Selecting a bushing?????

Discussion in 'Reloading' started by bigngreen, Dec 26, 2009.

  1. bigngreen

    bigngreen Well-Known Member

    Messages:
    5,840
    Joined:
    Nov 24, 2008
    I'm going to order a Redding type S FL die for my 270 WSM to try to get rid of some run out that is holding me back. I need some answers or method on how to go about finding the right bushing to order, the little buggers are expensive to have an assortment.
     
  2. Broz

    Broz Well-Known Member

    Messages:
    8,637
    Joined:
    Feb 3, 2007
    Mic the neck of a loaded round then subtract .0015 or .002"

    Jeff
     

  3. bigngreen

    bigngreen Well-Known Member

    Messages:
    5,840
    Joined:
    Nov 24, 2008
    Thanks, Broz!!
     
  4. Limbic

    Limbic Well-Known Member

    Messages:
    320
    Joined:
    Jun 26, 2008
    Usually you can google "270wsm bushing" and come up with a few different choices.
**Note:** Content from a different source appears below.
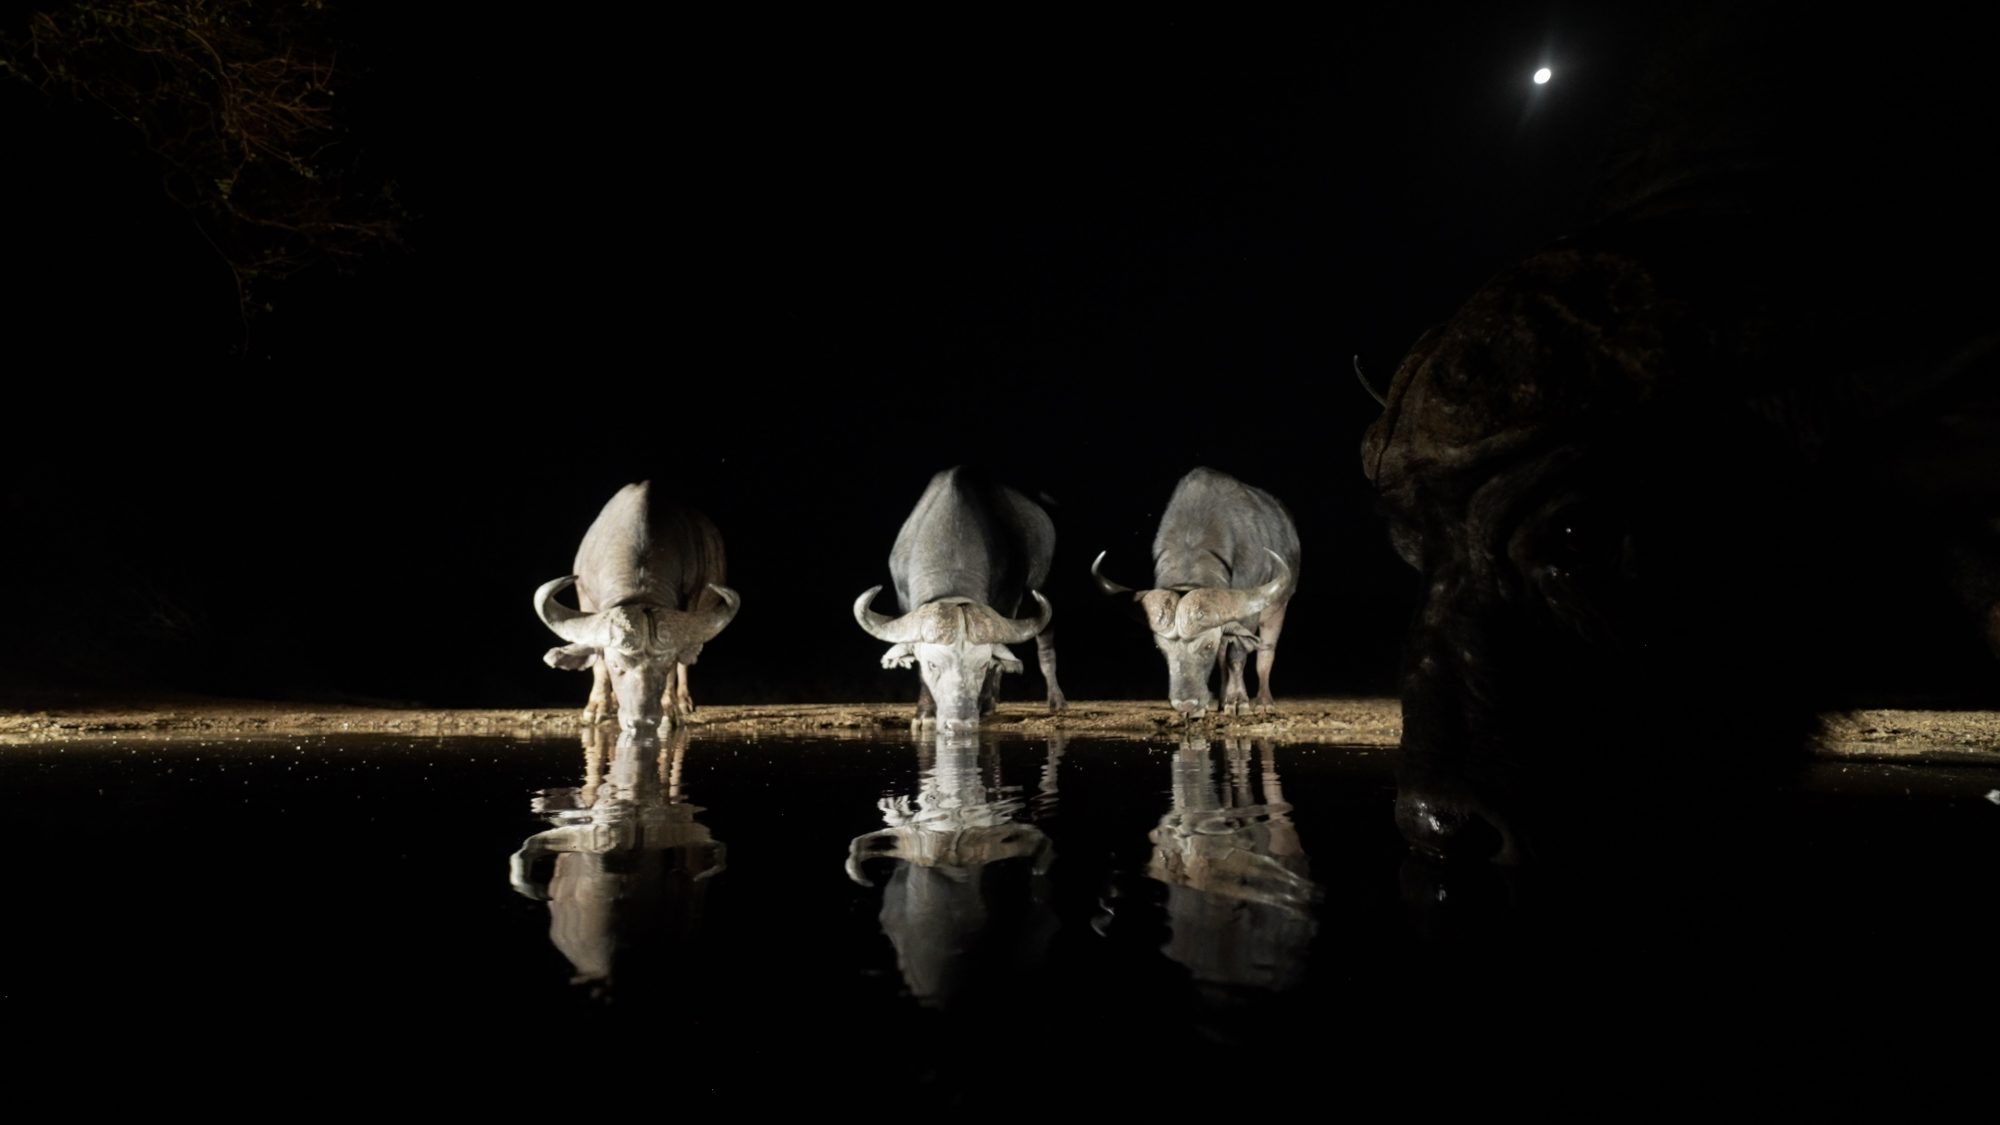 Cape Buffalo by moon light – Zimanga, South Africa 2022

I order three seperate bushings usually. One I think I need and then one .001 smaller and one .001 bigger.

    If I've ever learned anything it is: what I think I need is usually not what I really need:)
     
  5. Broz

    Broz Well-Known Member

    Messages:
    8,637
    Joined:
    Feb 3, 2007
    To be safe, you could go .0025 or .003" smaller. But I would only do this if you will NOT be annealing your brass. I have seen that after 4 or 5 reloads the brass hardens and 1 1/2 or 2 thou may not be enough to get good neck tension. So you will need to sqweeze it a bit more as it springs back a bit. So to be safe you could go .003"down. But the best way is to go .0015 or .002 and anneal the necks when they need it.lightbulb

    Jeff
     
  6. Casing

    Casing Well-Known Member

    Messages:
    49
    Joined:
    Apr 6, 2009
    I agree with the other guys. As much as I hate to buy more than one bushing, I usually buy 2 or 3 sizes for one caliber and you may have to experiment. There's nothing worse than guessing at one size, sitting down at the reloading bench and that bushing is not tight enough or is too tight, then you have to order another one and wait a few days for the next one to arrive. Pay up front or on the back end is usually the case.
     
  7. bigngreen

    bigngreen Well-Known Member

    Messages:
    5,840
    Joined:
    Nov 24, 2008
    I was digging through the Sinclair's catalog last night and found a little section on finding the right bushing size, I don't know how I missed it before:rolleyes:
    They have it at .001 with turned brass and .002 without turning but using the expander.
    I'm using Rem brass in this chamber as it lasts 3x as long and seems to handle the pressure better. I've been turning the necks and I can anneal without any problem, which I should probably do any way to get a little more consistency.
    I'm thinking somewhere near .002 should be right, man I hate buying extras but I may have to it seems.
    I'm trying to kill a few birds with one stone here, I'm running .004-.006 of run out and I have tracked to the sizing die and expander, I also need to get consistent neck tension, I have played with this and it made a huge difference in POI. I'm thinking that a S die and annealing will go a long ways.
    If I reload real careful and get the planets aligned I can shoot groups with under 1/2 MOA of vertical @ 1000yrd but if I feel the neck tension is off and the run out is way out I shoot 2 MOA of vertical. It really sucks, cause I go out to the range knowing what is going to happen just by how the loading went.